Dataset extract>

#####

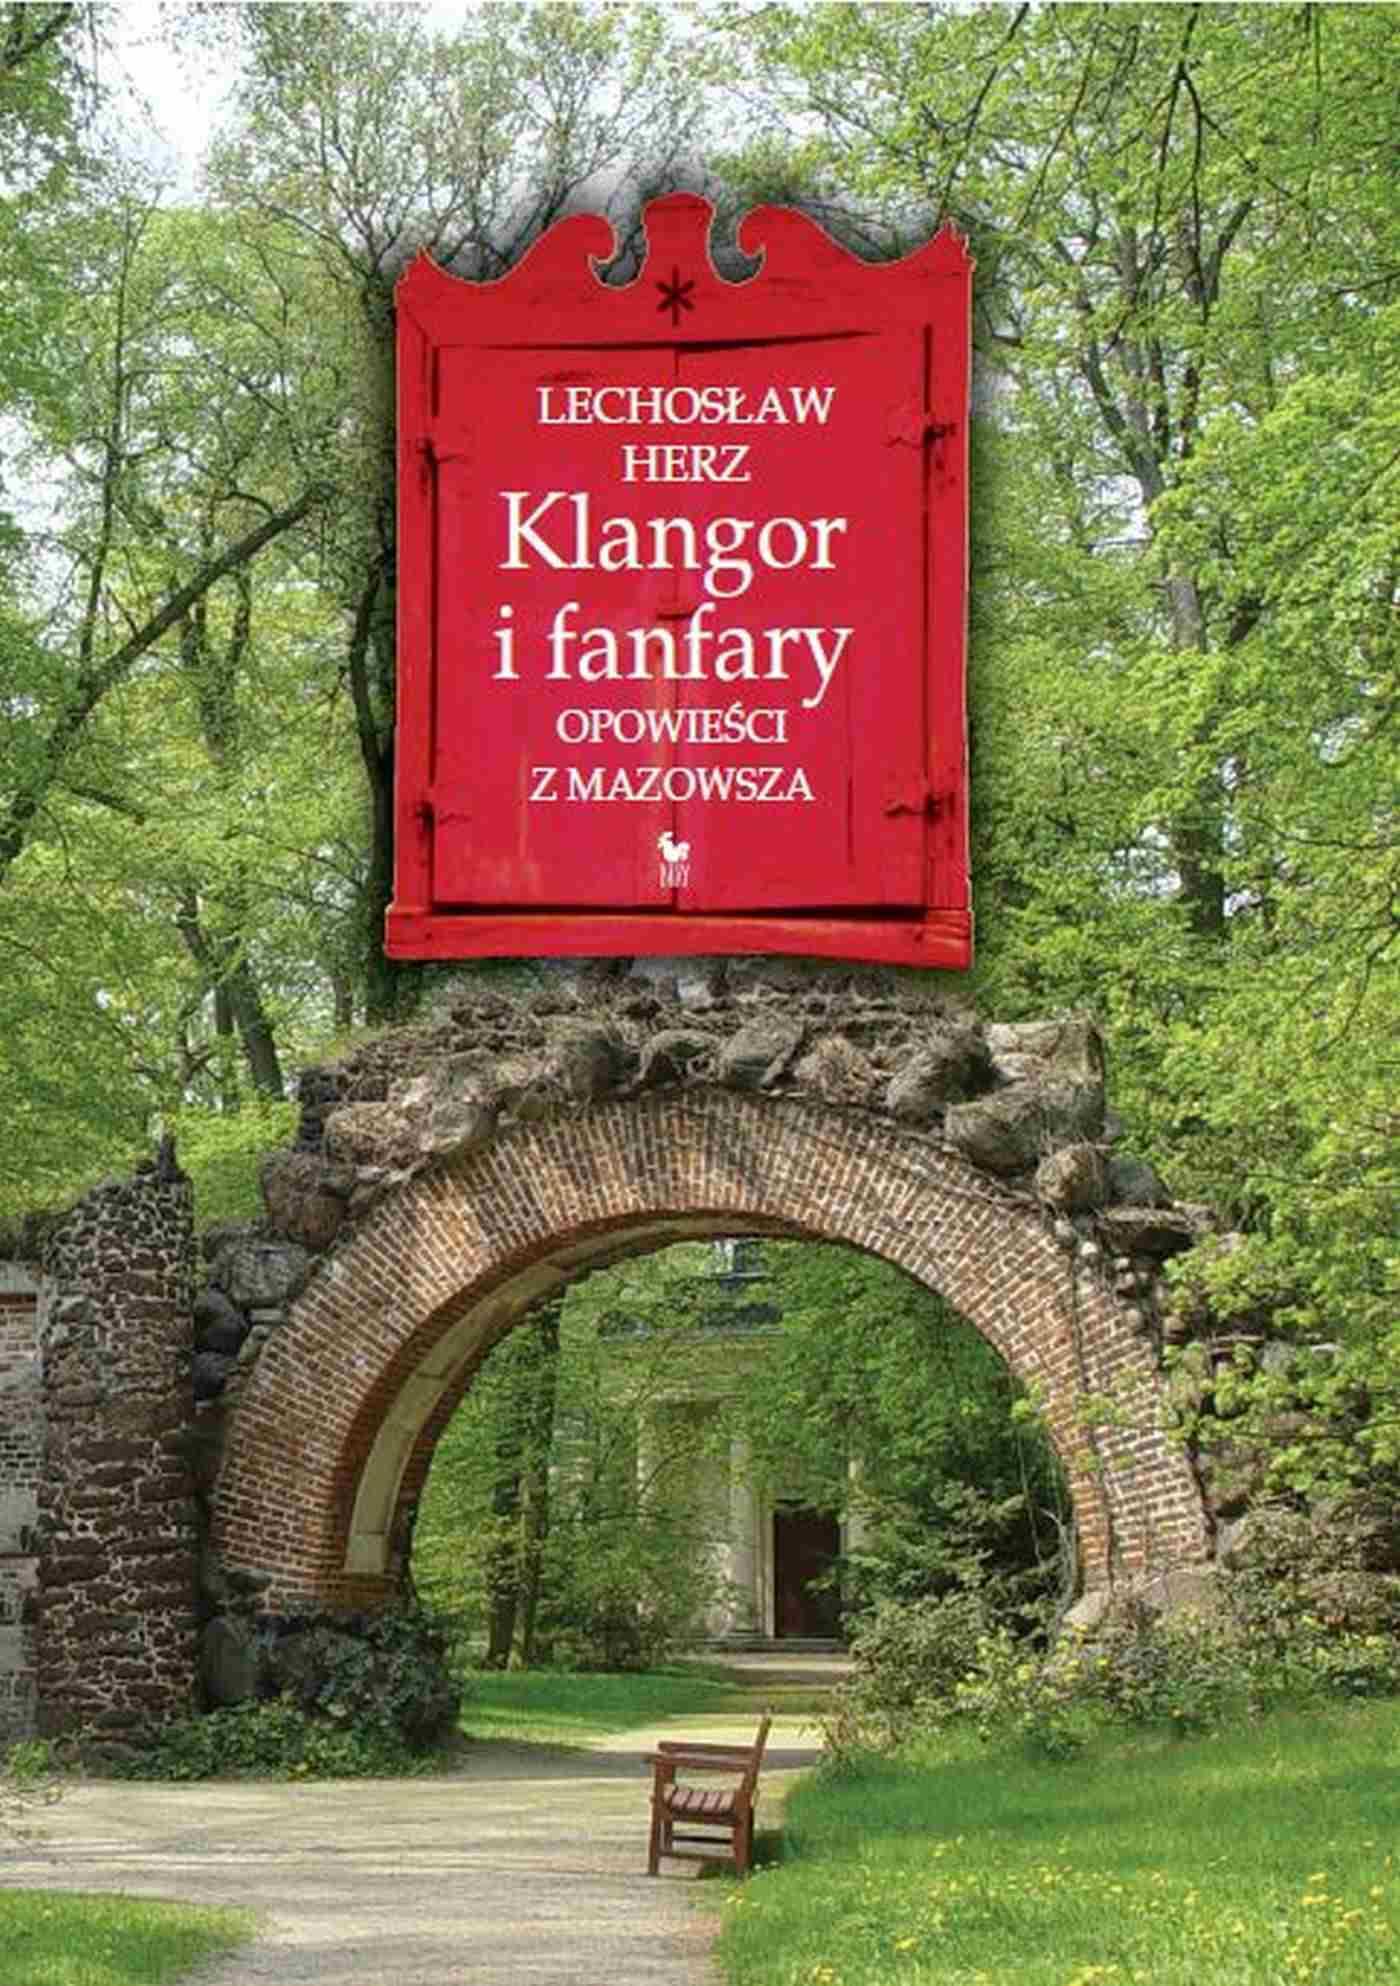 Klangor i fanfary - Ebook (Książka na Kindle) do pobrania w formacie MOBI
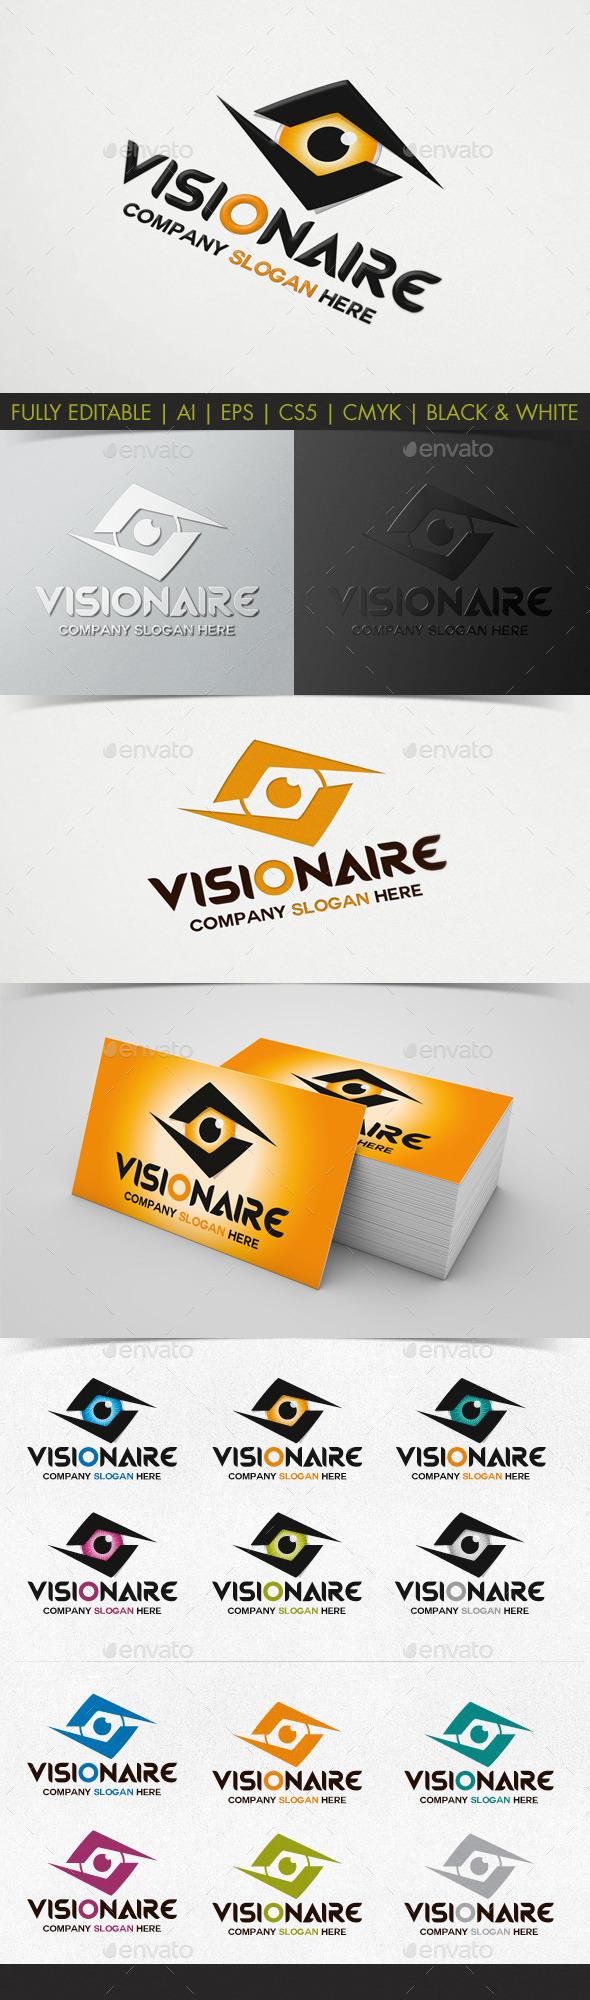 GraphicRiver Visionaire 9404834
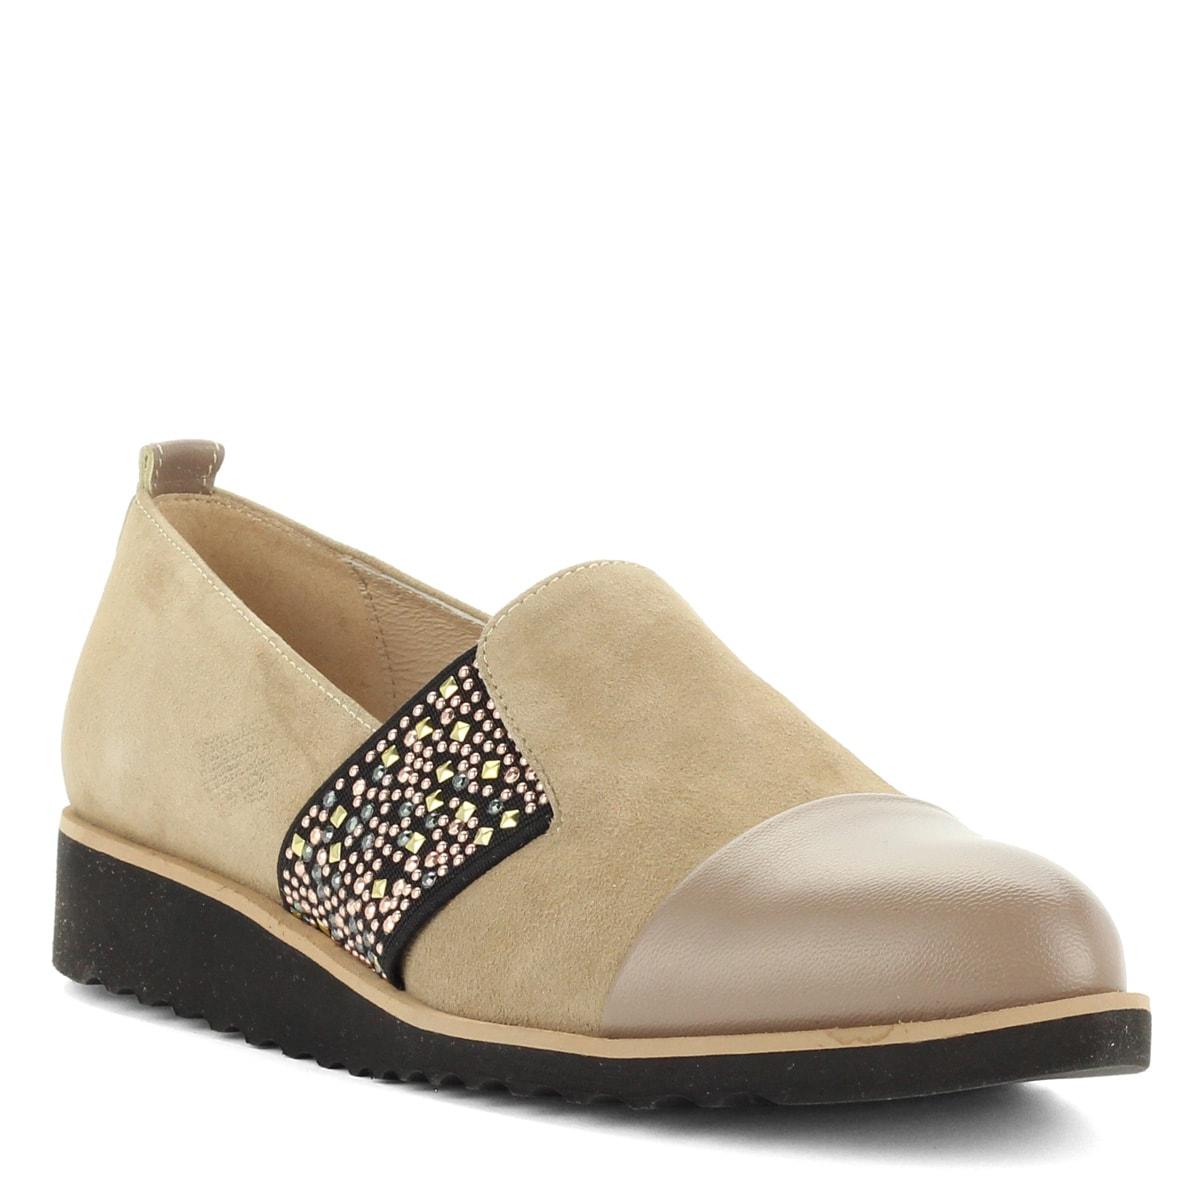 3fbabc0ca6 A cipő · Luca Cavialli belebújós női bőr cipő bézs színben, oldalán  díszített gumi betéttel.

#####

What is being asked>
Transcribe the whole listing above exactly and leave out the pictures.

Result for this task>
 Klangor i fanfary - Ebook (Książka na Kindle) do pobrania w formacie MOBI
 GraphicRiver Visionaire 9404834
 3fbabc0ca6 A cipő · Luca Cavialli belebújós női bőr cipő bézs színben, oldalán  díszített gumi betéttel.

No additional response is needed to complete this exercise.